Think of links as references. In the real world, if someone is looking for an "art history professor," and lots of people recommend him as an art history professor, then those references will help in that search for an art history professor.
Links work like references on the web. There are about a hundred other factors too that Google assesses when it ranks a site.
There's also the question of what searches the site ranks for. If it ranks just for "professor," that's pretty amazing. If it's #1 for "art history professor," that is less amazing, but it's still an impressive accomplishment.
On the other hand, if it just comes up #1 for the professor's name and his name is unusual, that's not a major feat. If his name is "John Smith," then he's done pretty well.
Outbound links are a whole different thing. I've seen people build such impressive collections of links on their sites that people link to them because the collections are so useful... and that can also cause a site to rank. In that case, the links are the content of the site, which is a whole other dimension of site ranking.

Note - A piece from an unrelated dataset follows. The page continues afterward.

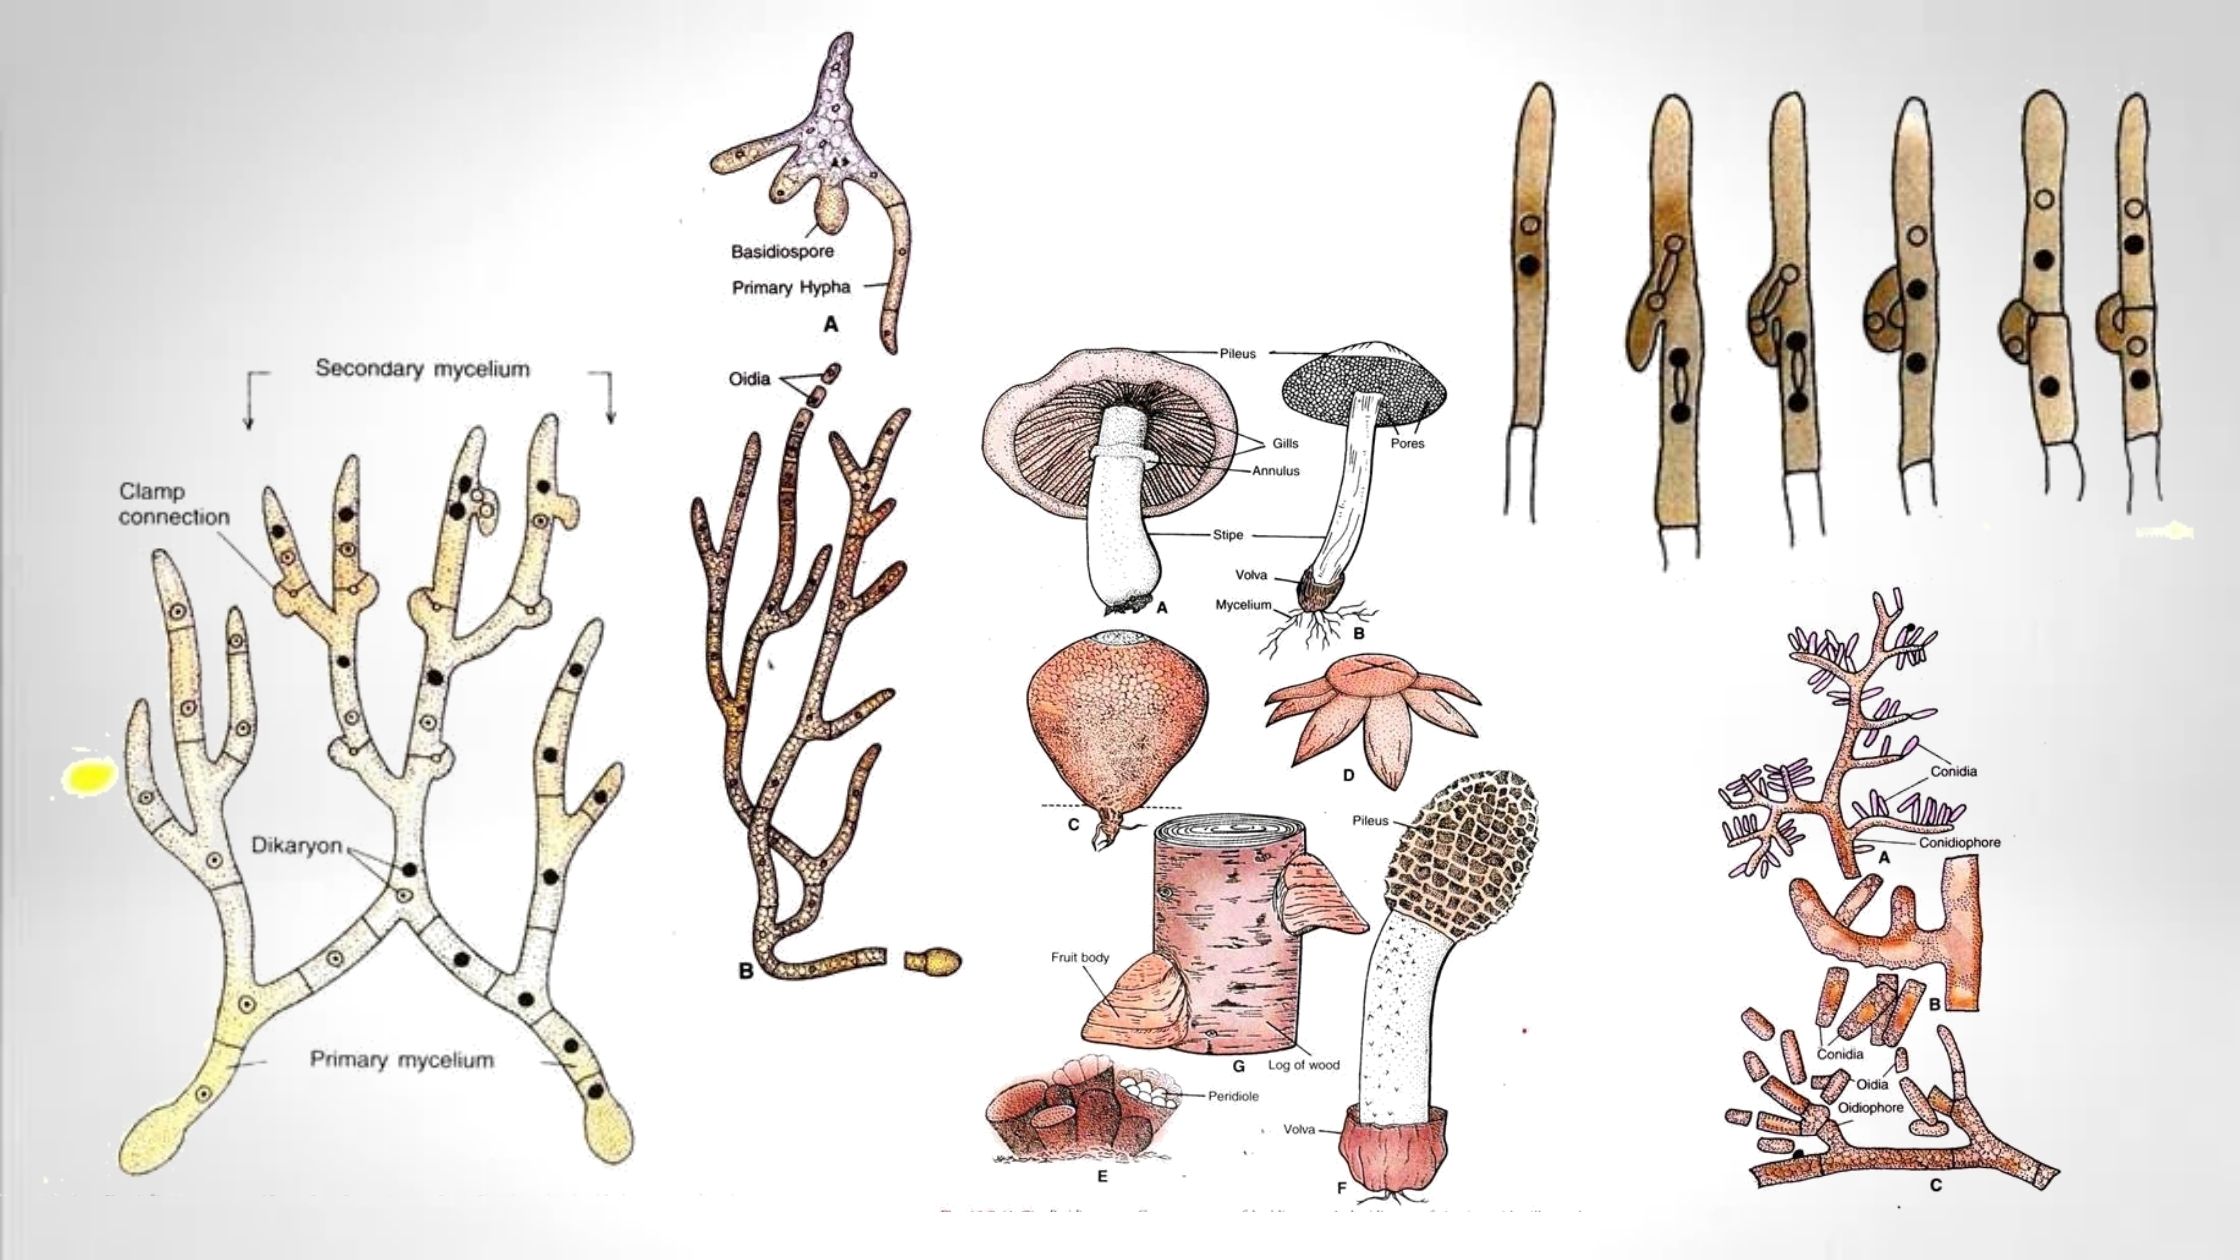 Basidiomycetes Life cycle, Characters, Significance, Mycelium
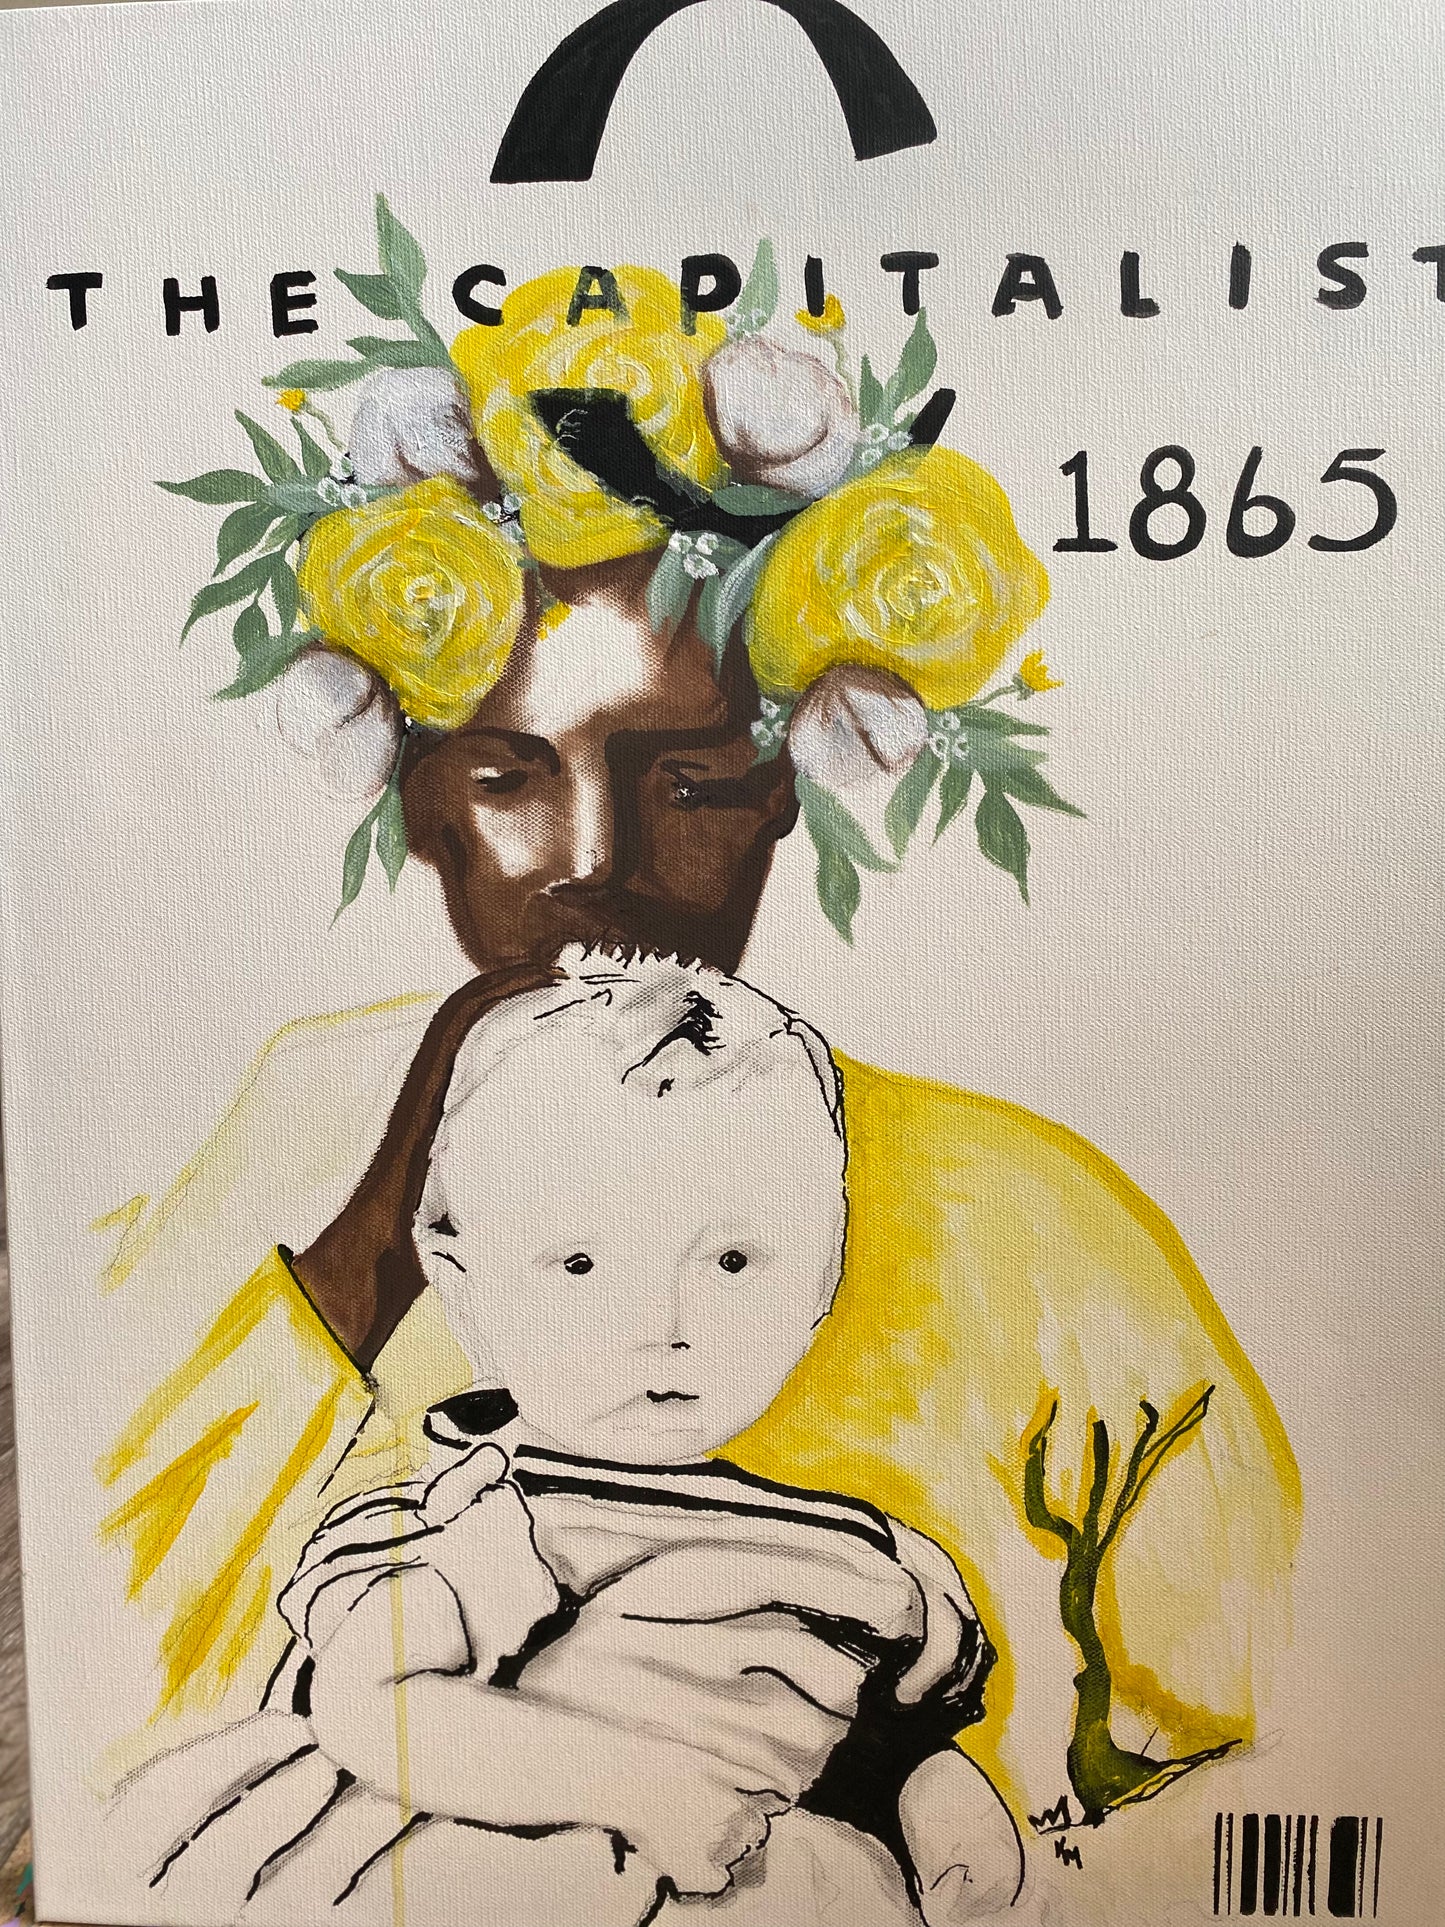 The Capitalist

I've read in Google's Directions that they don't like more than 100 links/page
It's a recommendation only. I've seen people with thousands of links on a page get crawled. Personally though I'll keep external links somewhere between 30-50. Unless you know what you are doing, or are willing to accept the consequences, I'd follow the recommendation.
What if? I were to add non reciprocal links that are relative to my site "art" and work my way up to the tens of thousands of links like he has done?
Unless you are going to pay for the large amounts of links then this is the only way.
Sounds like the guy runs a site that is a links directory for art history and a very useful one at that if he has thousands of relevant links in it.